WHAT NEEDS TO BE DONE → Copy out the listing that follows, exactly, without its pictures.

GIVEN DATA →
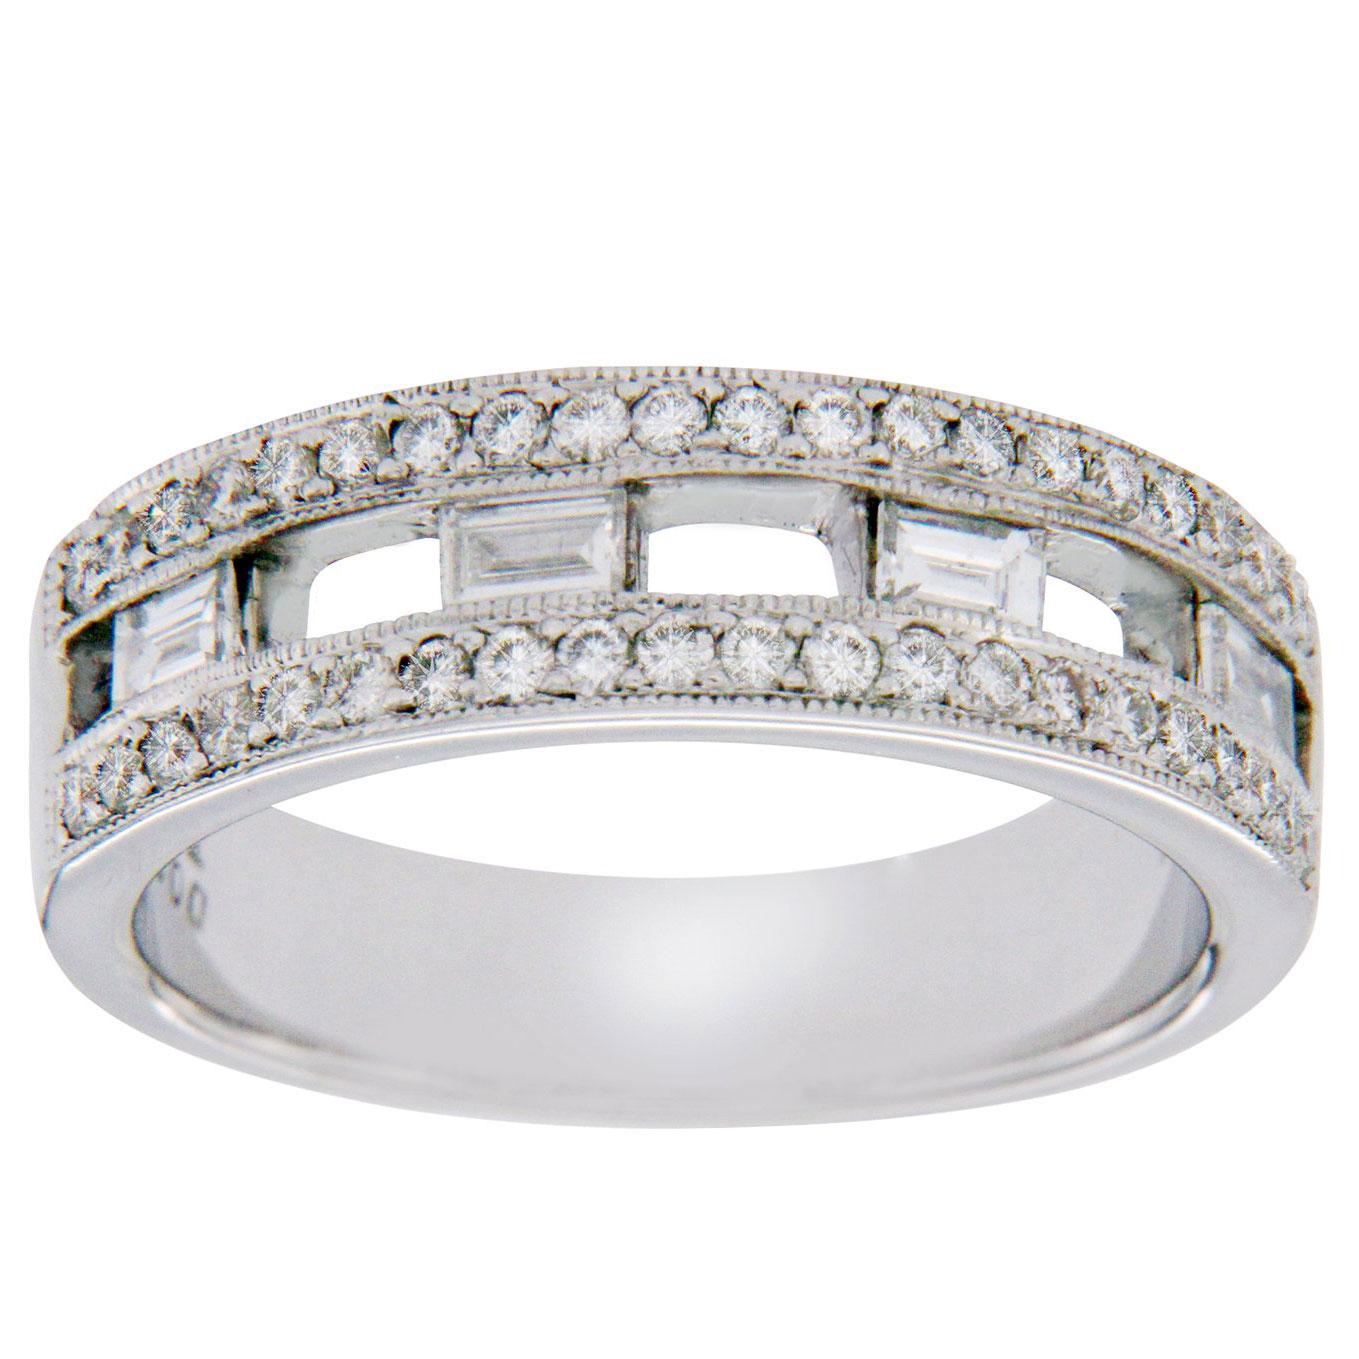 White 18 Karat Gold 0.67 Carat Diamonds Bridal Wedding Band Ring
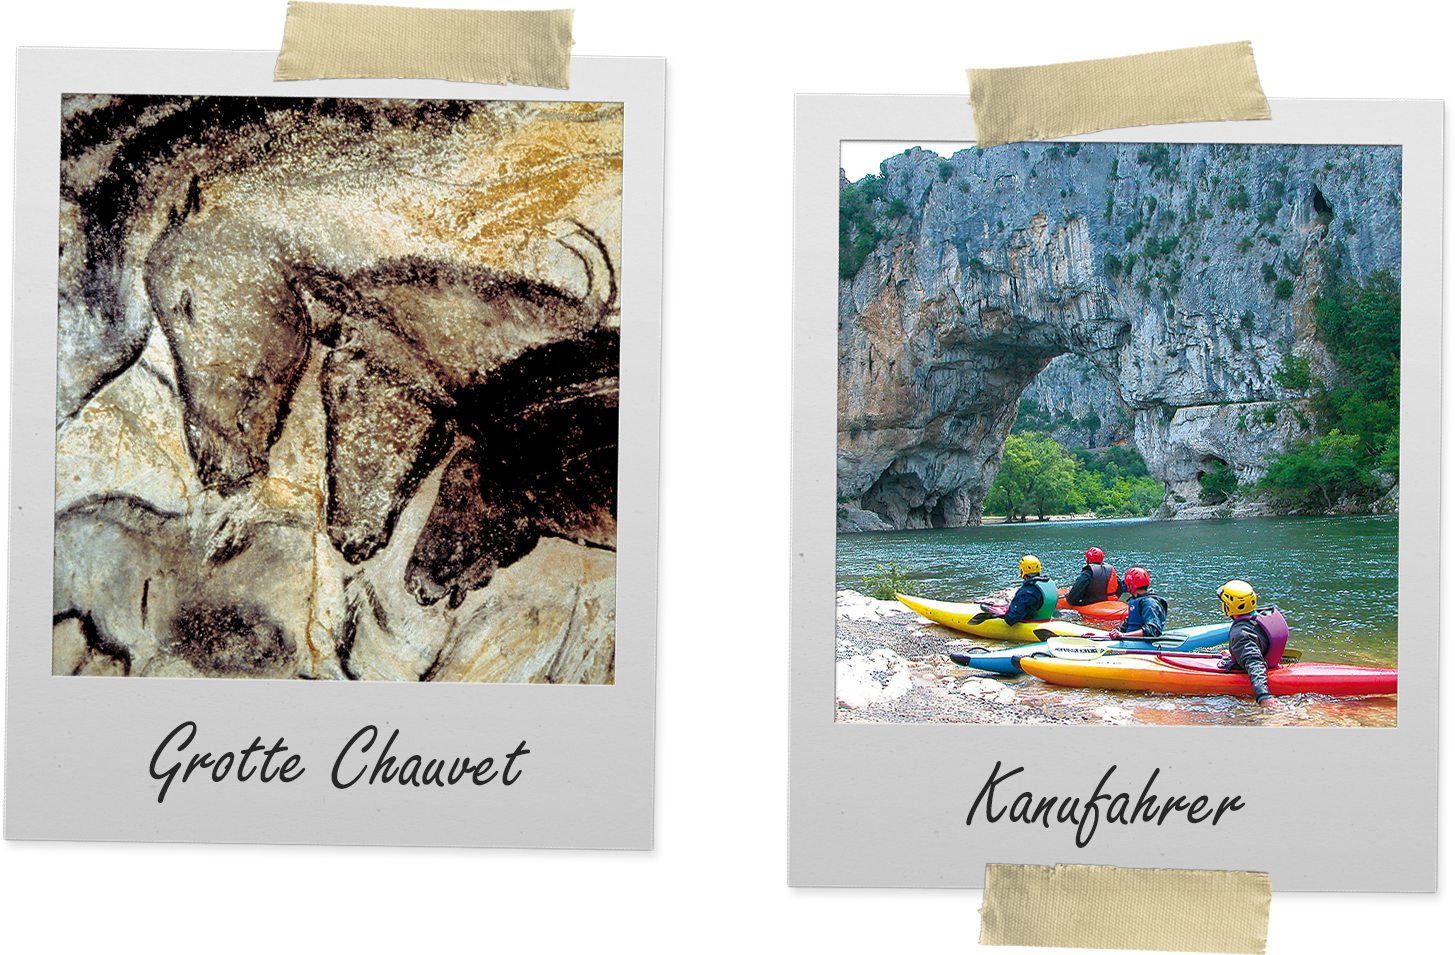 Standortwanderung mit Besuch von Grotte Chauvet und Pont d'Arc
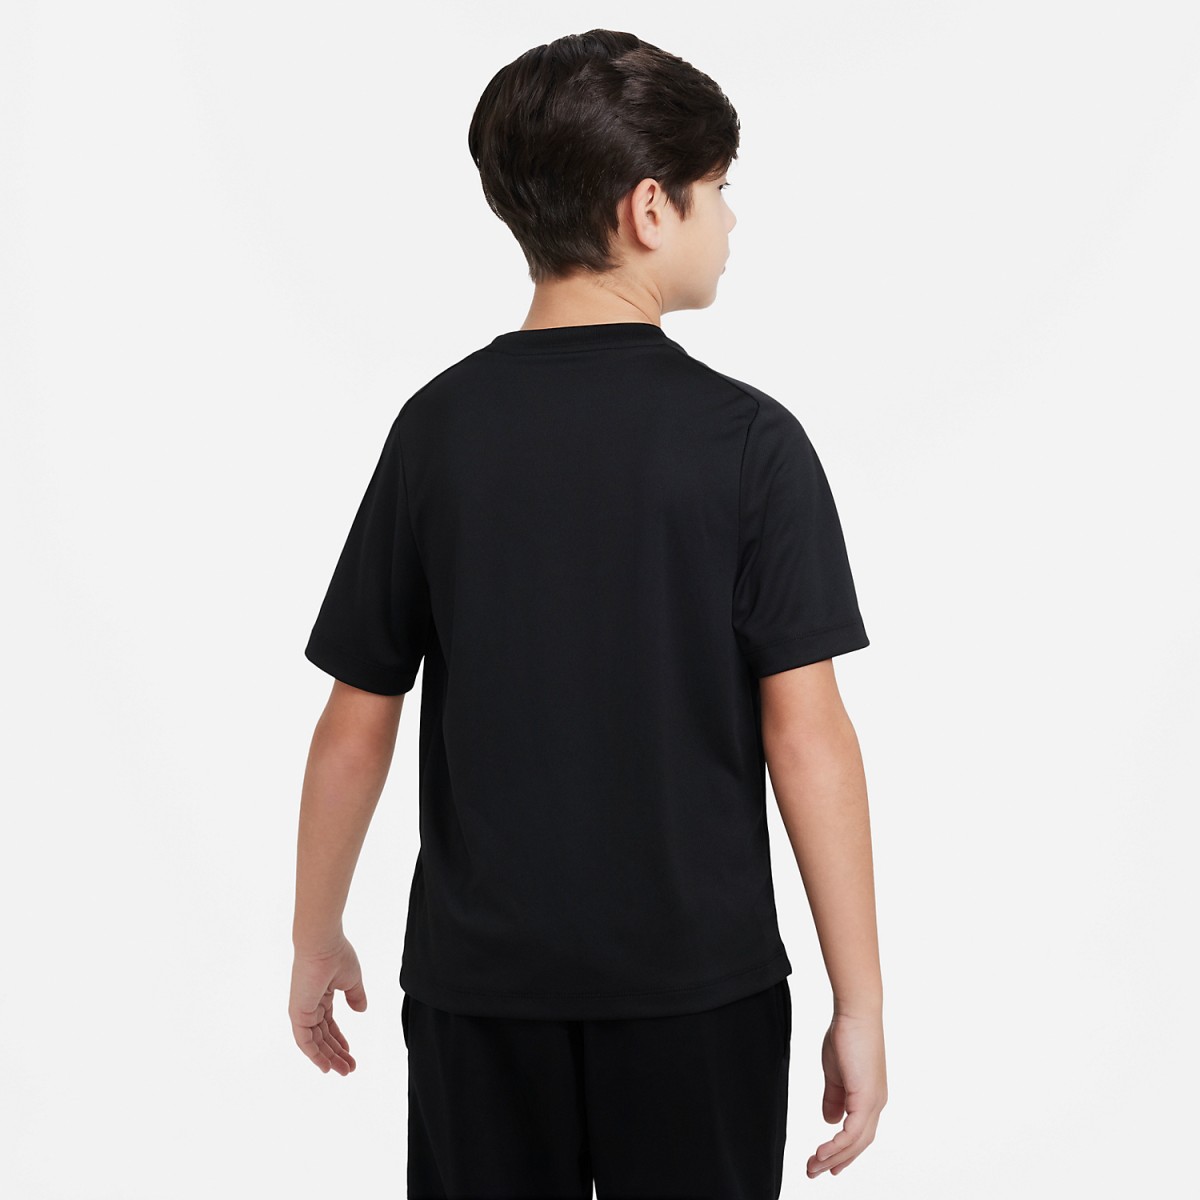 Теннисная футболка детская Nike Multi T-Shirt Boy black/white

SOLVED EXERCISE →
 White 18 Karat Gold 0.67 Carat Diamonds Bridal Wedding Band Ring
 Standortwanderung mit Besuch von Grotte Chauvet und Pont d'Arc
 Теннисная футболка детская Nike Multi T-Shirt Boy black/white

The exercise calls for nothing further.